This prospective follow-up study was conducted at Sultan Qaboos University Hospital throughout one year between April 2010 to March 2011. In this study, 290 babies from the original cohort of 3740 newborns were studied.11 All children had an abnormal cord blood screening test. The study was approved by the local Medical Research & Ethics committee of the hospital. 5 ml of venous blood was collected in vacutainer tube with K2EDTA anticoagulant. HPLC and CBC were performed using this blood sample, and 2 ml blood was used for obtaining genomic DNA according to the manufacturer’s instructions using the QIAamp DNA Blood mini kit (Qiagen, Inc., Valencia, CA, USA). HPLC was performed within 12–24 hours of collection of a blood sample using the Bio-Rad VARIANT™ instrument (Bio-Rad Laboratories, Hercules, CA, USA) and the “β-thalassemia short program. A CBC was performed on Cell Dyn 4000 automated blood cell counter (Abbott Diagnostics, Santa Clara, CA, USA). Hb Bart’s quantitation was performed using α-thalassaemia short program (Biorad Variant II) at birth (within 12–24 hours of collection).11 In this follow-up study, Hb Bart’s positive cases were initially screened by Genescan technique to determine the next approach.12 Multiplex Gap PCR procedure was used to detect the seven common deletions occurring in the α-globin gene cluster.12 Additionally, in subjects with no deletional defect (n=1), automated direct nucleotide sequencing (ABI 3130; Applied Biosystems, Foster City, CA, USA) of the selectively amplified alpha1 and alpha2 globin genes was performed to characterize non- deletional α-thalassaemia determinants using appropriate primers to ascertain the nature of the underlying molecular defect.13

Statistical Analysis

The data were archived on a Microsoft Excel Database on a dedicated computer.
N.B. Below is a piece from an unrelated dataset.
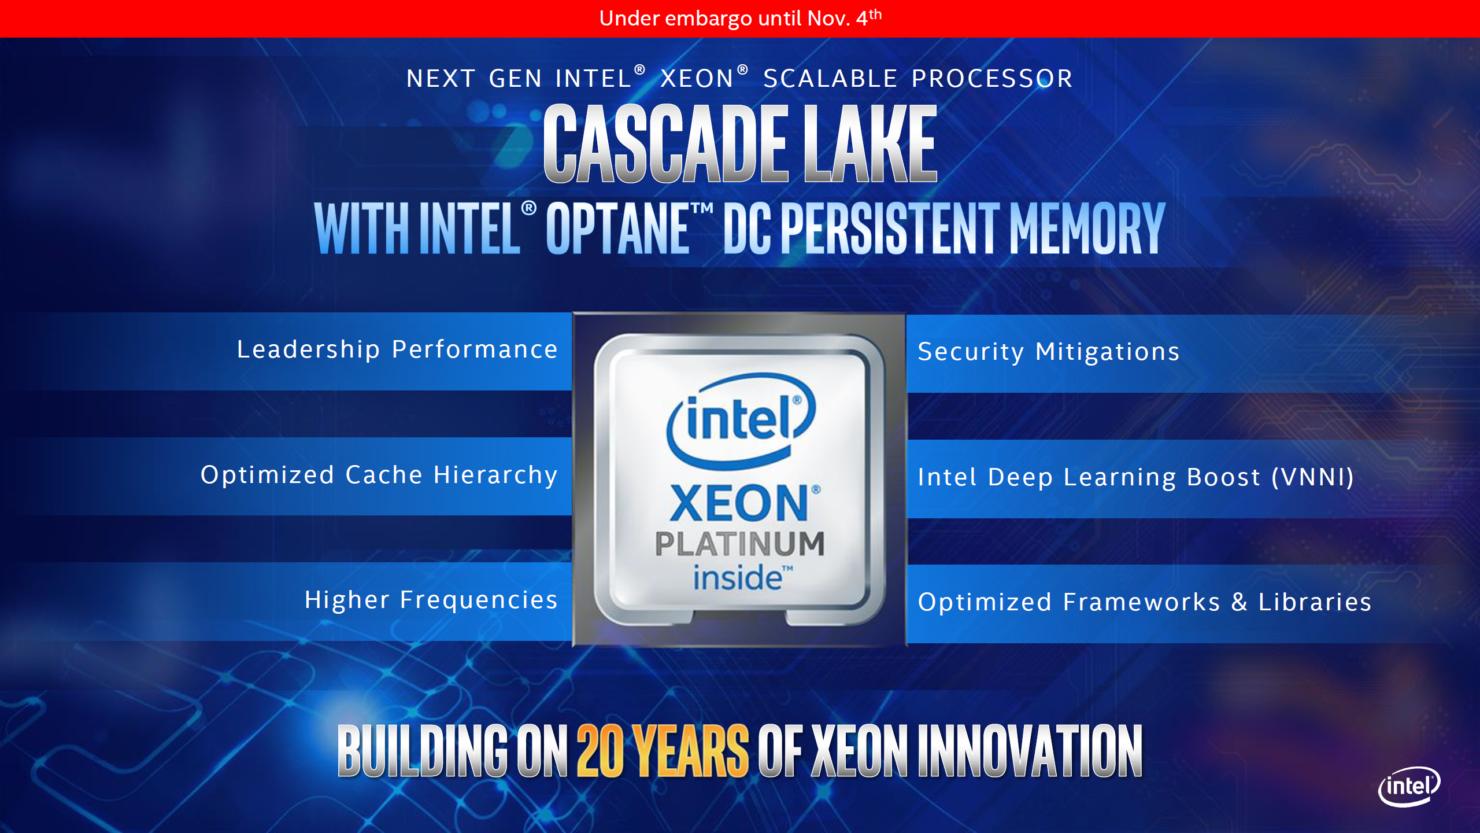 intel-data-center_cascade-lake_1

All analysis was carried out by using the SPSS software (IBM SPSS Inc., USA. Ver. 23). Normally distributed results were expressed as mean value ± SD, whereas, the non–parametric data as median (interquartile range). Students’ t-test was used to compare the statistical significance between the means of various groups. A p-value <0.05 was considered as significant. HPLC sensitivity of Hb Bart’s quantitation at birth was reported using the manufacturer’s values (alpha thalassaemia short program, Variant II) and tested by appropriate molecular techniques.

Results

Only 290 subjects from amongst the original cohort of 3740 newborns could be recalled between April 2010 to March 2011, to repeat HPLC and CBC, as well as perform confirmatory DNA studies. This cohort could be categorized into three groups according to the cord blood results at birth.11 Group A: Subjects with no haemoglobin A by HPLC at birth (n=31); Group B: Subjects with Hb Bart’s at birth on HPLC using the “β-thalassemia short program (n=151); Group C: Subjects with abnormal qualitative or quantitative beta chain variants based on HPLC at birth (n=108). Group A comprised of 31 children with no adult haemoglobin detected at birth by HPLC. These babies were all re-tested between 3 to 6 months of age according to the current guidelines. Repeat HPLC was consistent with homozygous β-thalassaemia major in 5 babies with a significantly high HbF and HbA2, whereas the remaining 26 babies HPLC showed an HbS values between 92–94% consistent with sickle cell anaemia. Repeat red cell indices in comparison to cord blood results (Table 1a) showed a significant drop in Hemoglobin (p < 0.001), MCV (p < 0.0001) and MCH (p < 0.001) with increase in RBC count (p < 0.01). In this group, the earlier diagnosis by HPLC was re-confirmed in all 31 cases by appropriate DNA analysis to document the underlying mutation. Sequence analysis of the entire β-globin gene and the β-globin gene promoter region was amplified by polymerase chain reaction (PCR) using appropriate primers.12
Table 1a

Comparative analysis of red cell indices in the group A cohort at birth (Mean±SD) and at the follow-up study (n=31).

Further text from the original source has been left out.